Insomma, trattandosi di una (pessima) traduzione, o ci prendiamo la briga di andare a consultare il testo originale (cosa che personalmente avrei fatto senza nemmeno prendere in mano l'italiano) oppure cerchiamo di migliorarlo nei limiti del possibile, aggiungendo punteggiatura e incisi e cambiando espressioni che non vogliono dire nulla.
In un testo di filosofia, al primo posto *assoluto *ci dev'essere la comprensione e la logica, no?


----------



## Blechi

Entiendo perfectamente que necesitas ayuda para el castellano, pero te aseguro que en italiano está fatal.
Te sugiero alguna posibildad. 
¿De qué idioma se tradujo? 


Persino per i greci non tutti ...
Anche i greci pensano che non tutti ...vengano / siano il frutto dell'unione carnale tra un uomo e una donna: se il cosmo ha avuto (mejor "ebbe" ya que eso pasò hace muuuuuuuucho tiempo) il suo principio / la sua origine

_La frase relativa all'origne è lacunosa: non dice infatti da cosa ha origine il cosmo. O forse "avere origine" non è il modo corretto di esprimere il concetto. Potrebbe, forse, funzionare meglio "avere la propria origine" che porterebbe a "il cosmo ebbe la sua origine". 

Io avrei detto:
Già gli antichi greci sposavano la tesi del big bang rolleyes. Infatti consideravano che, allo stesso modo in cui aveva avuto origine il cosmo, così il primo essere umano doveva essere nato / essere stato originato non dall'amplesso tra un uomo e una donna, ma bensì dalla terra, nella sua qualità di contenitore del seme /ma bensì dalla Terra che ne conservava il seme. 

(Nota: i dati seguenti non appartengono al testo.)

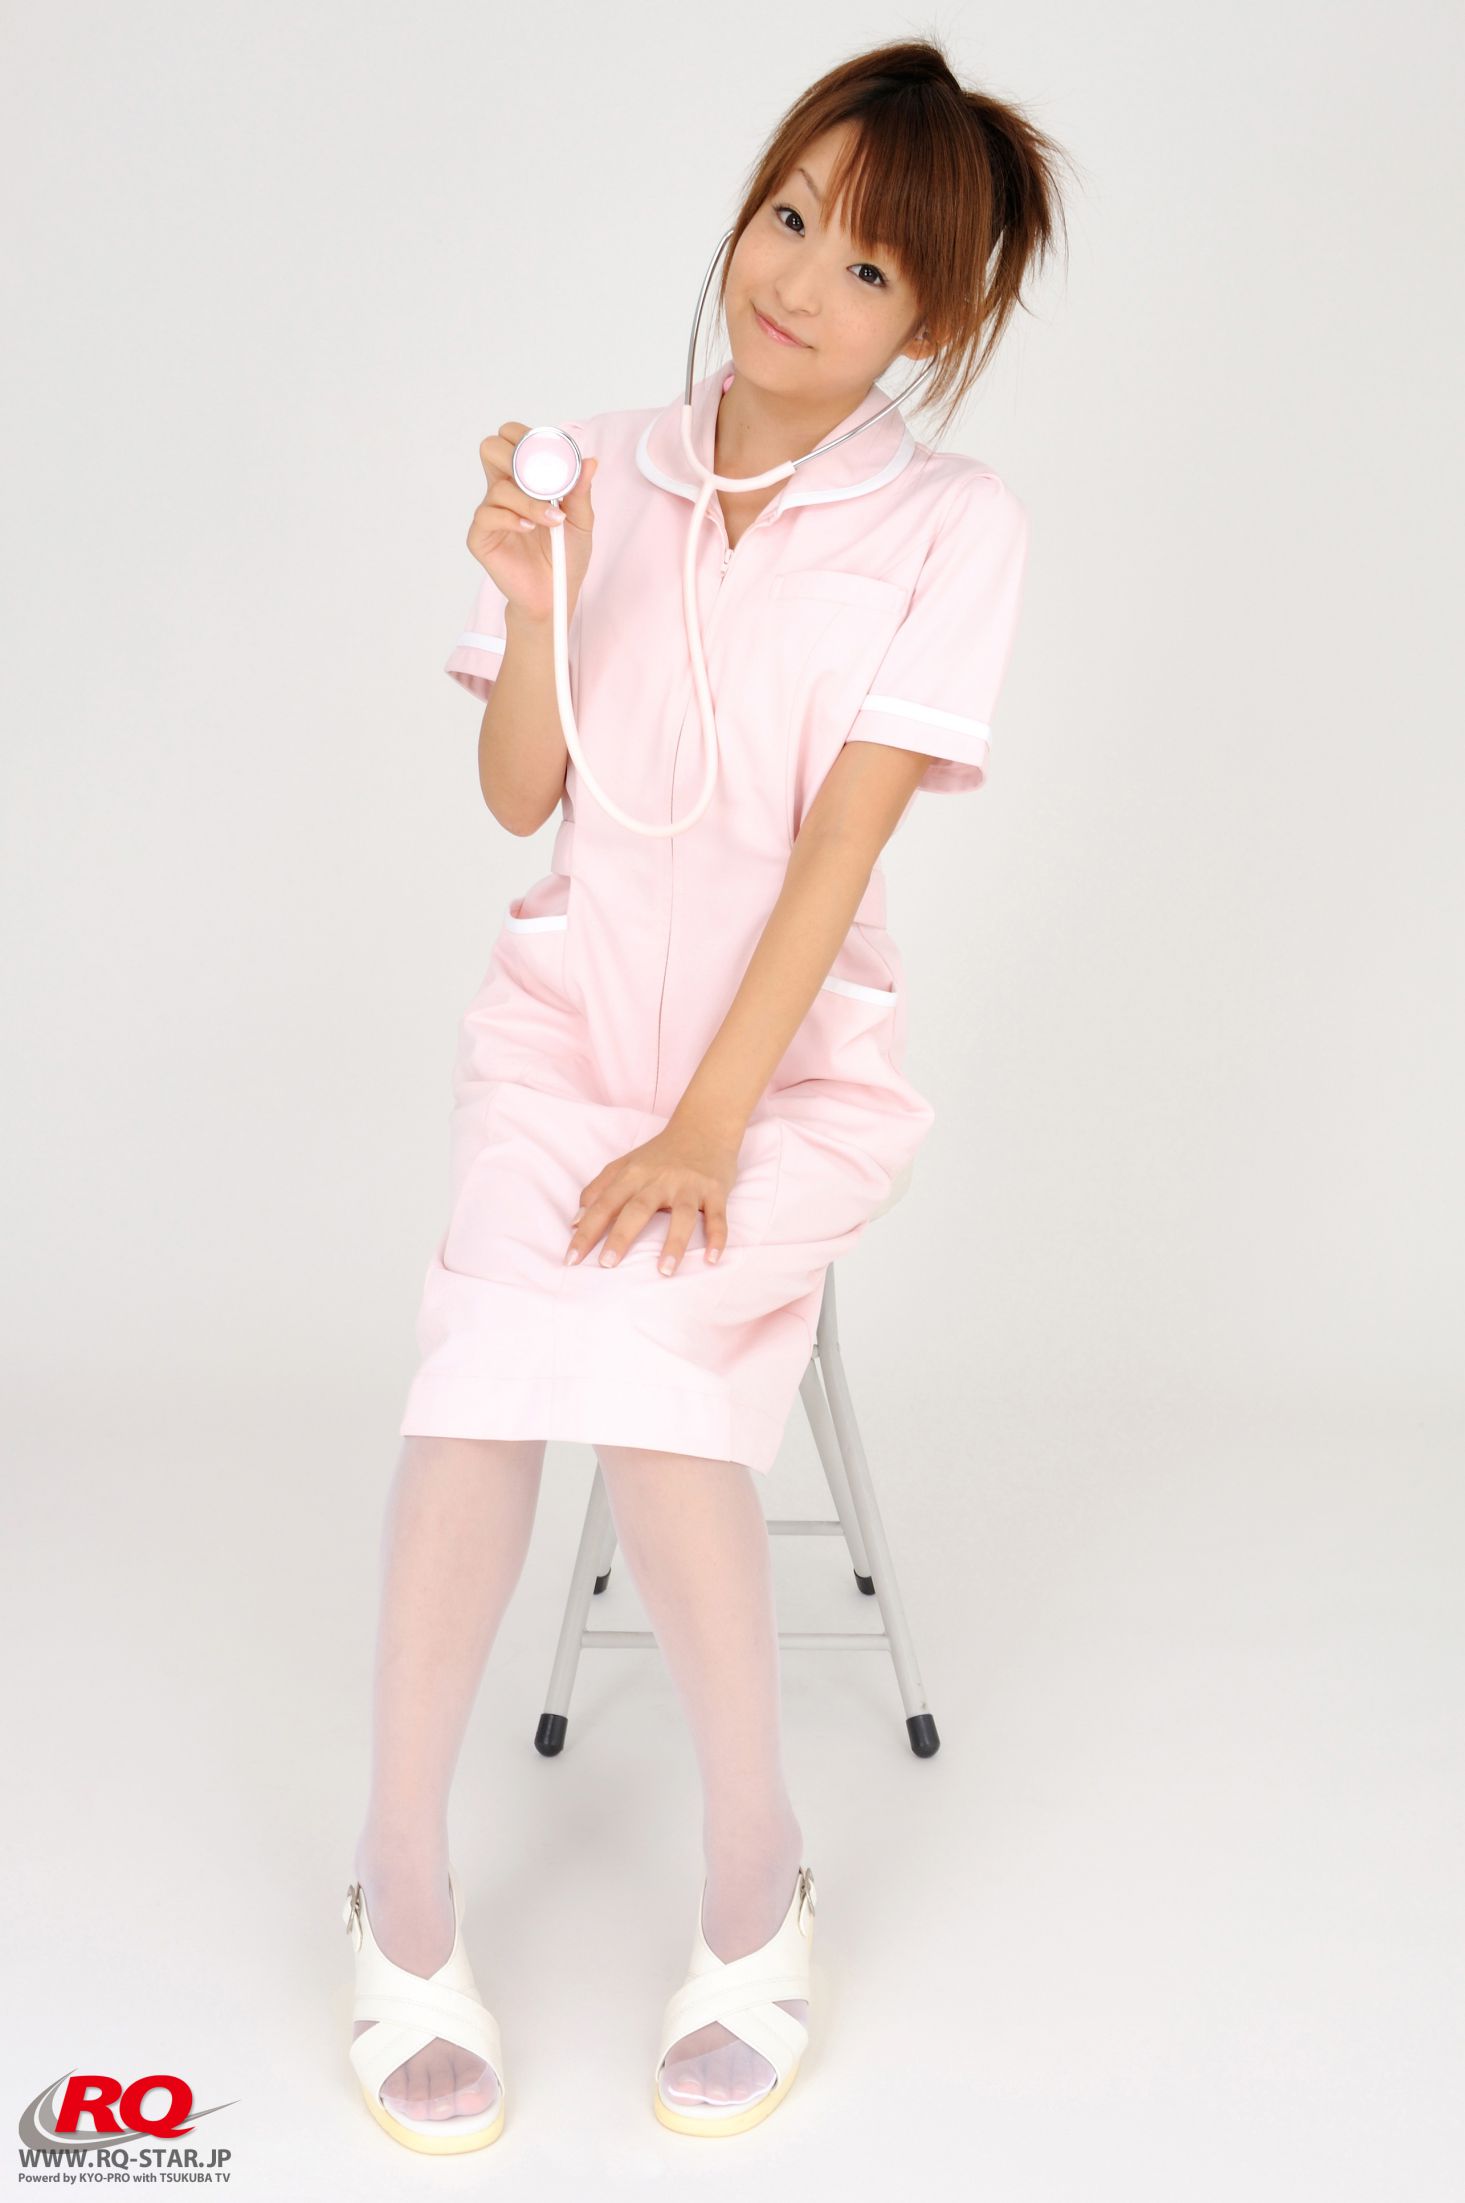 [Rq-star] No.00083 Qingmu unclear NURSE COSTUME nurse clothing series

Per quanto riguarda lo spagnolo ... estoy agotada 

Dire che _la tesi è condivisa da molti greci _(in italiano in minuscolo) mi sembra ripetitivo. Lo dici all'inizio della frase che "_anche i greci pensano che _..."_


----------



## 0scar

Las razones seminales (logos espermártico en griego, rationes seminales en latín) es una idea que tomó San Agustín de los estóicos y que desarrolló para explicar que Dios creó todo de la nada y de una vez, incluido el tiempo, y que como todo lo creado tiene un principio activo dado por Dios, unas potencialidades llamadas razones seminales, ese principio activo le permite a las cosas desarrollarse en el futuro.
El hombre y la mujer pueden dar vida porque llevan en si las razones seminales del barro con que fueron creados.


----------



## Geviert

> In un testo di filosofia, al primo posto *assoluto *ci dev'essere la comprensione e la logica, no?



Certamente, sono d'accordo. Per quanto riguarda la tua spiegazione sulla scelta dei termini, mi sembra più che esauriente, brava . Vorrei aggiungere che i _logoi _spermatici accennati da Oscar ci rammentano di non tralasciare un certo rigore per quanto riguarda il senso finale del testo. Certamente questo riguarda _in primis_ l'autore del testo che ha tradotto il termine greco in questione, generando solo confusione (ormai _logos _non si traduce più poiché è troppo polisemico).


----------



## amicitia

Grazie mille!!!
Soprattutto a Oscar e Ursu-lab


----------